**Aim of the task:**
Could you restate word for word only the lines below from the one holding "California redwoods (Sequoia" to the one holding "Asian cute girl Wallpaper", inclusive, and leave out the pictures?

**Available data:**
--
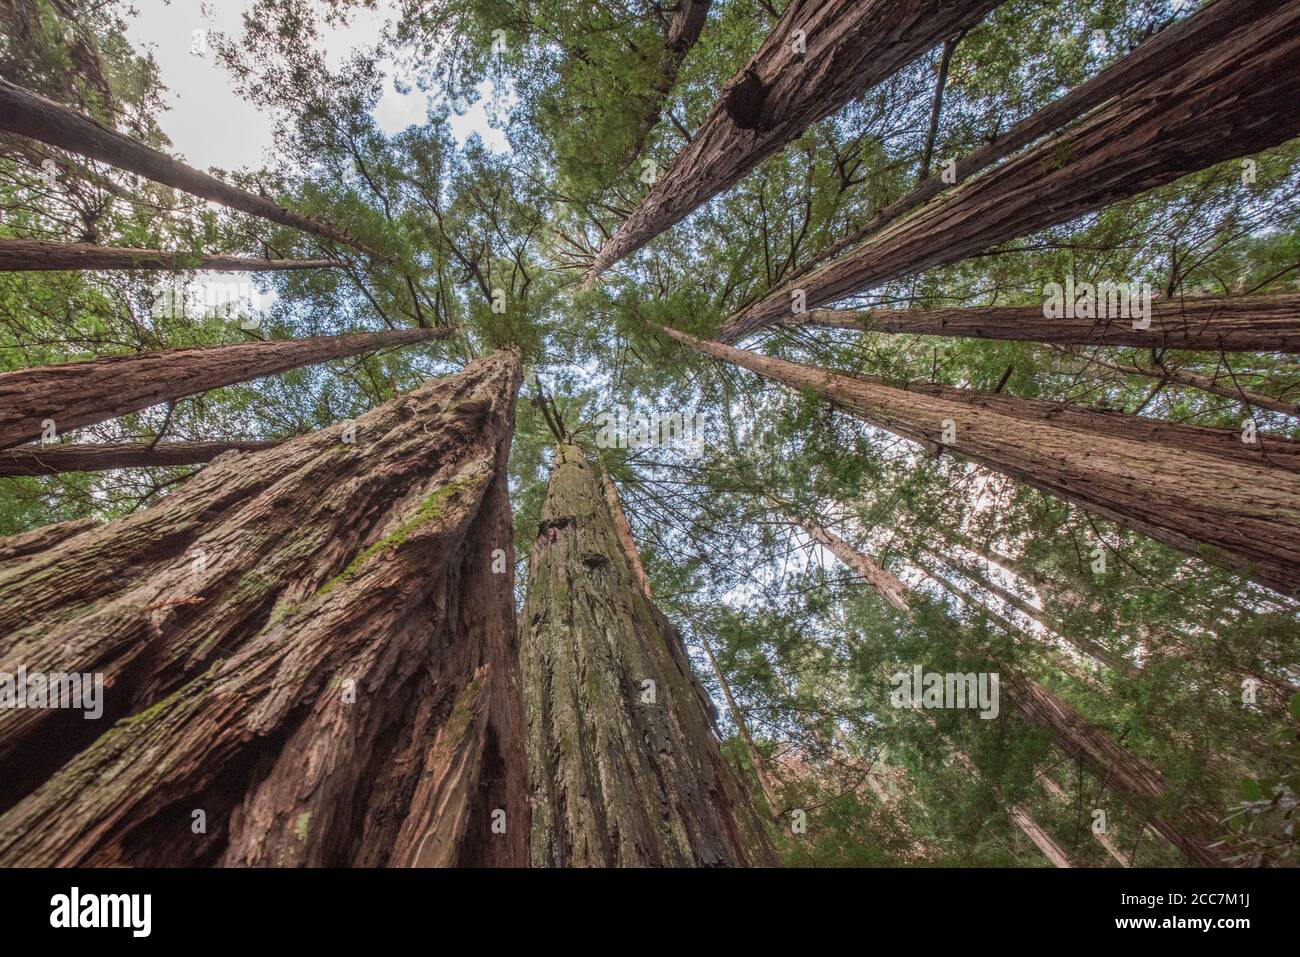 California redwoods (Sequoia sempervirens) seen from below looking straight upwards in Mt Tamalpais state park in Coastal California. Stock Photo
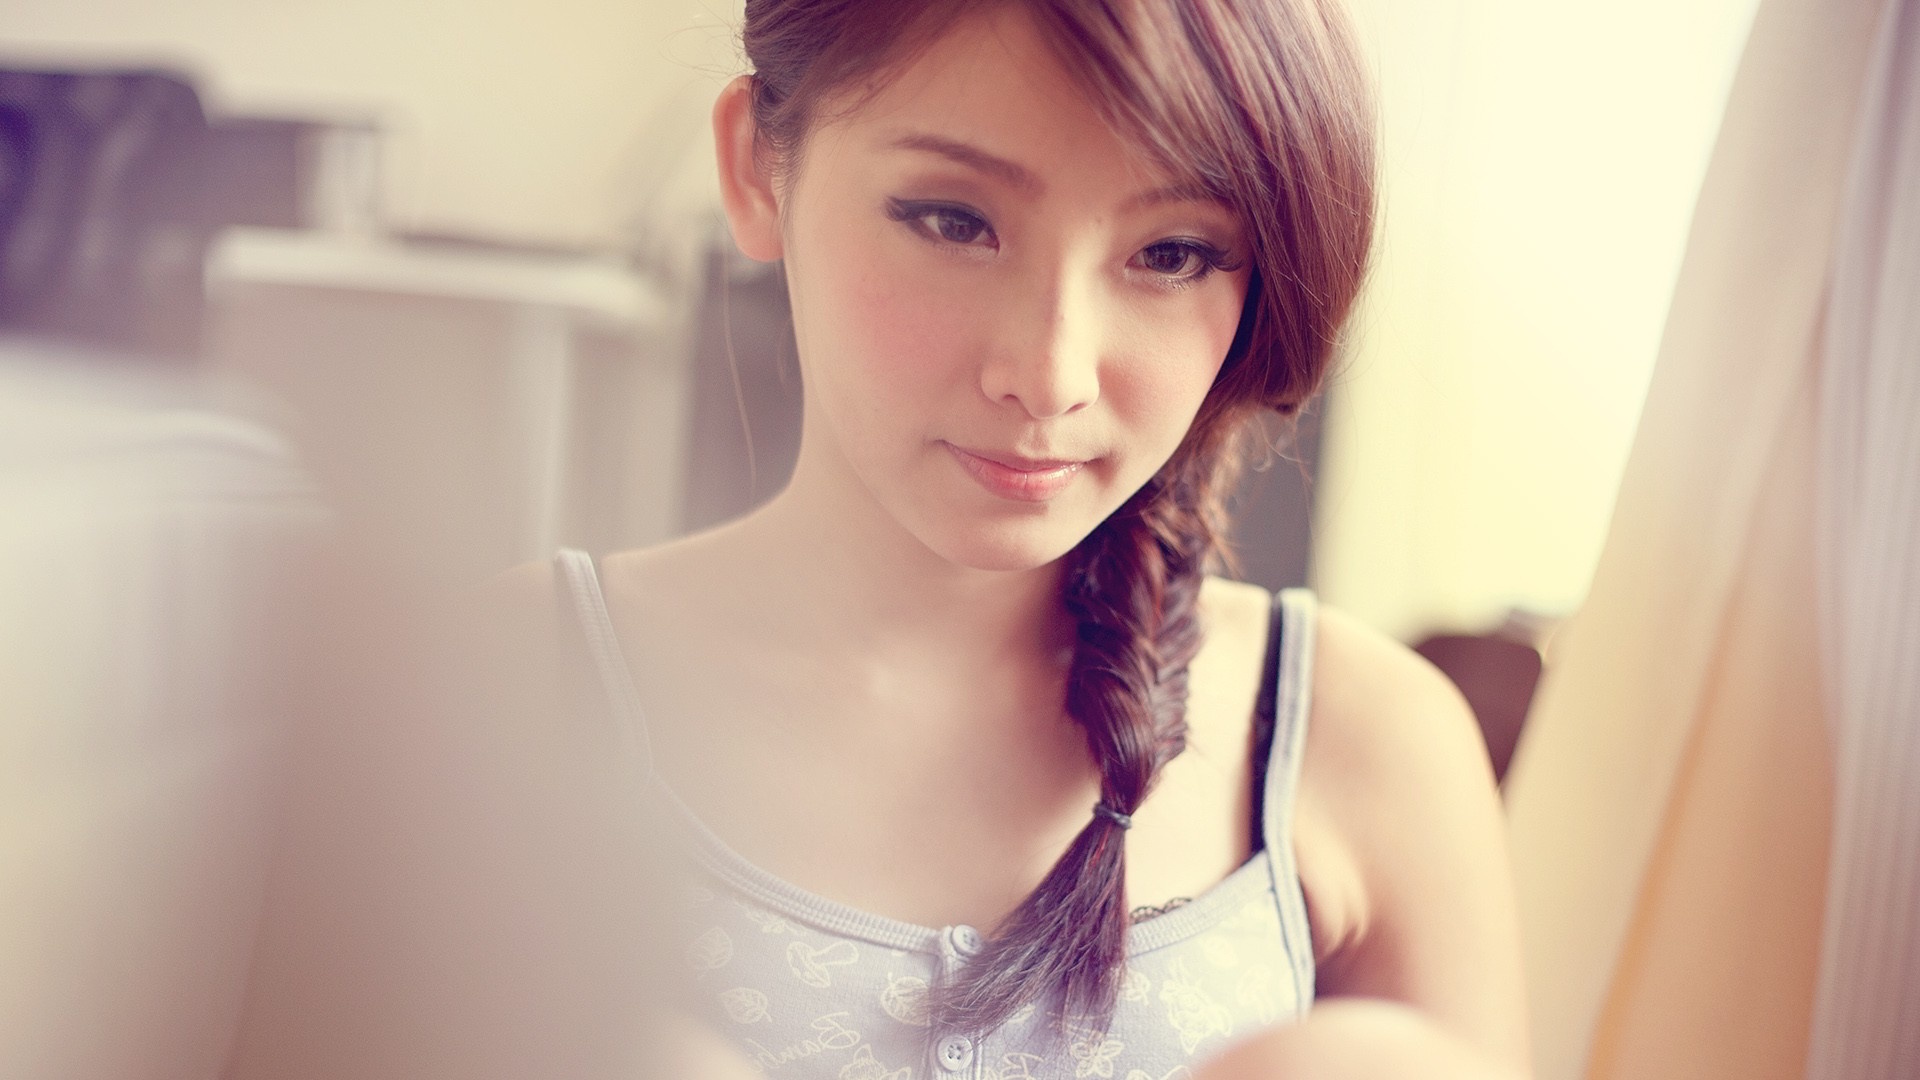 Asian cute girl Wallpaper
--
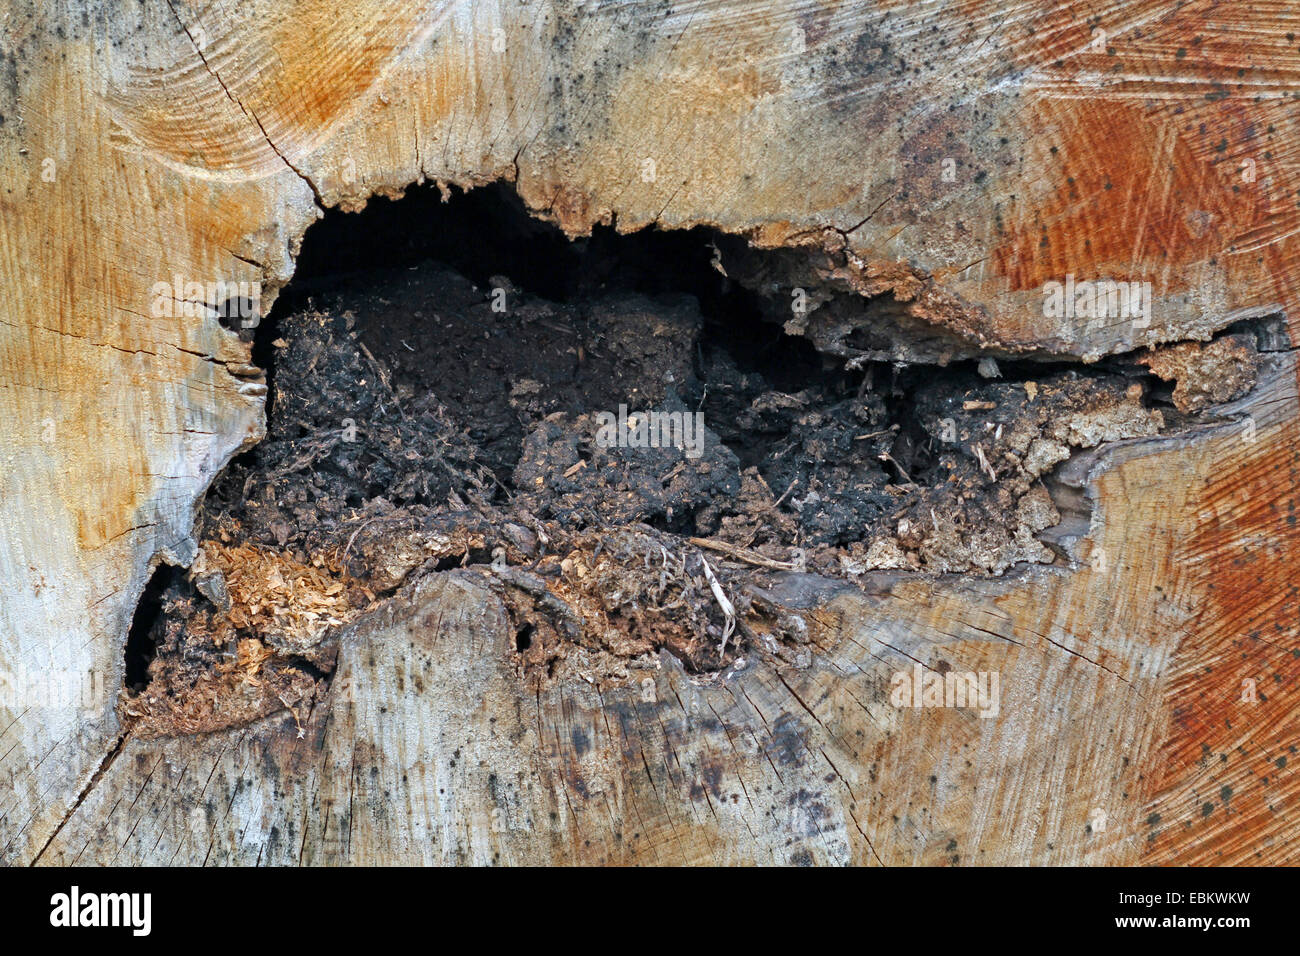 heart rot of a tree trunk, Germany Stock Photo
--
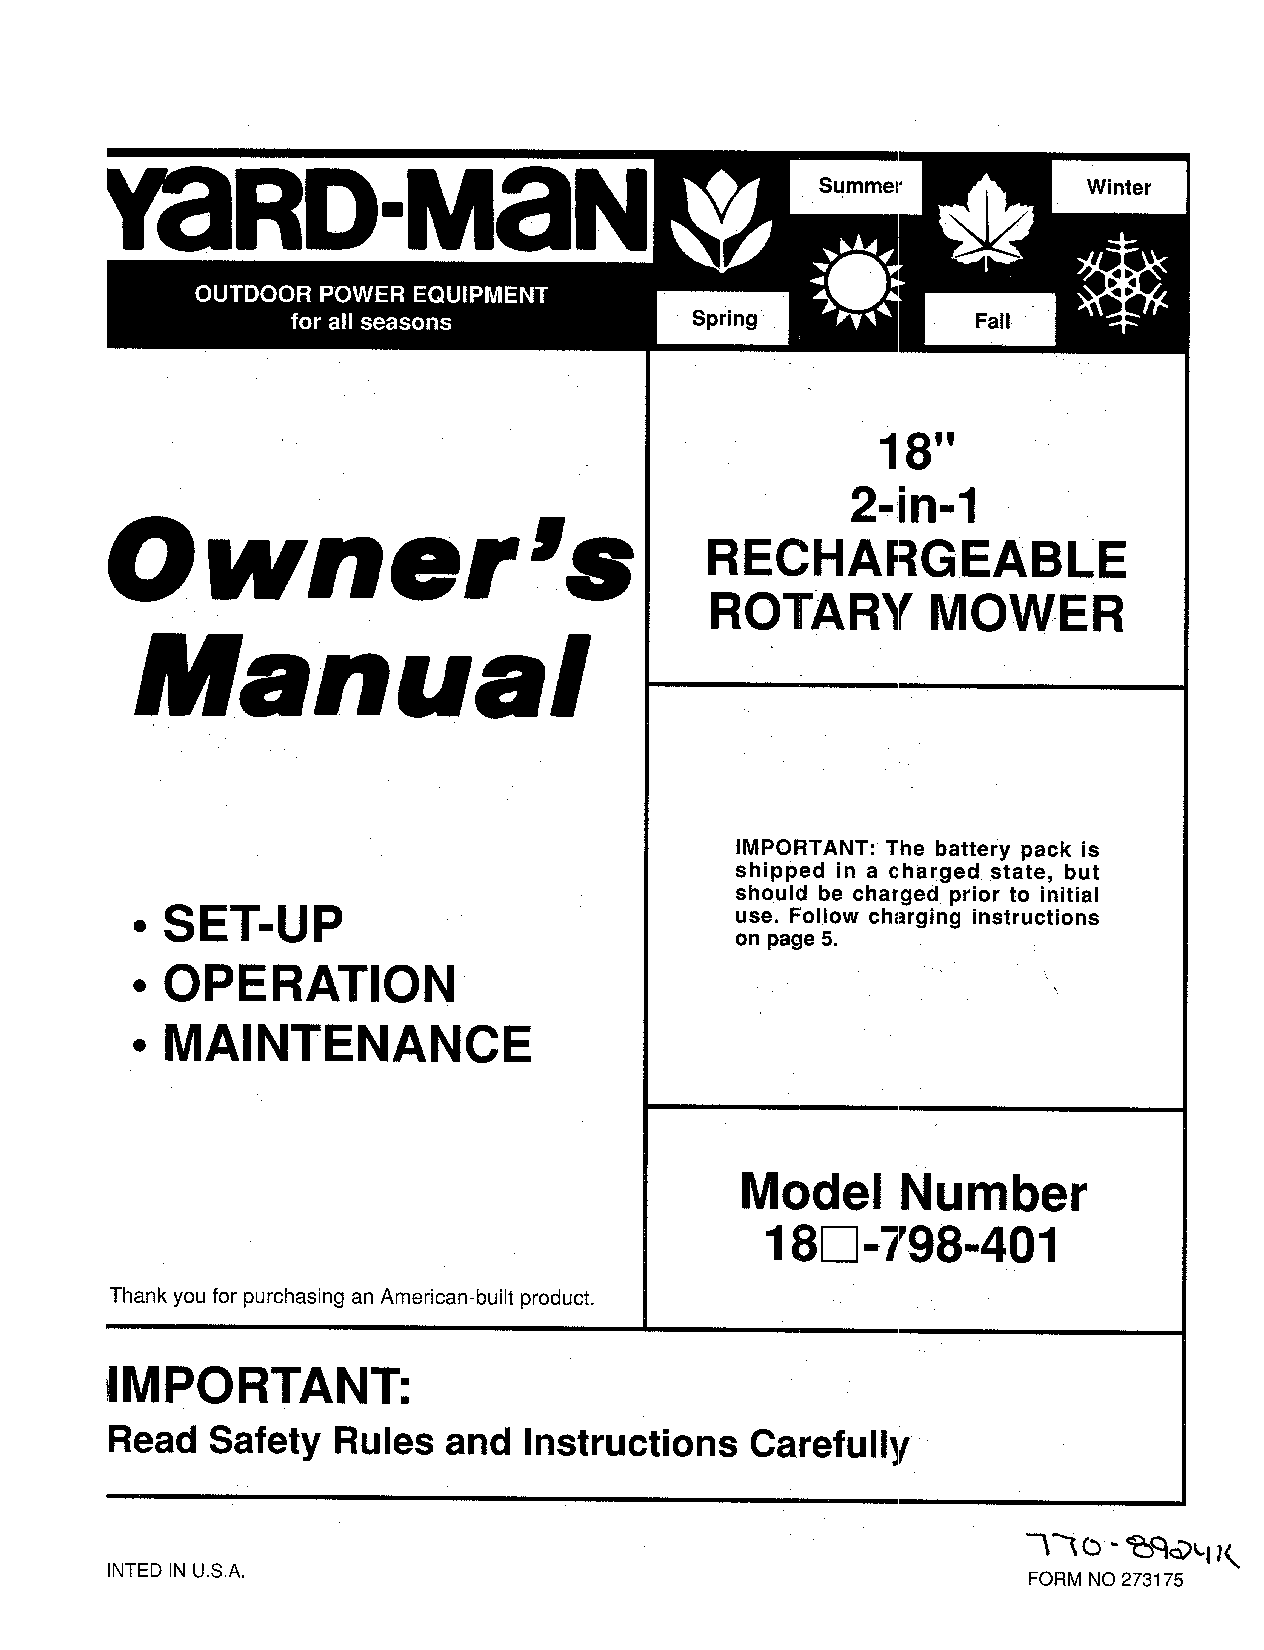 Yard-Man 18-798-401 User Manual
--
**Answer to this exercise:**
 California redwoods (Sequoia sempervirens) seen from below looking straight upwards in Mt Tamalpais state park in Coastal California. Stock Photo
 Asian cute girl Wallpaper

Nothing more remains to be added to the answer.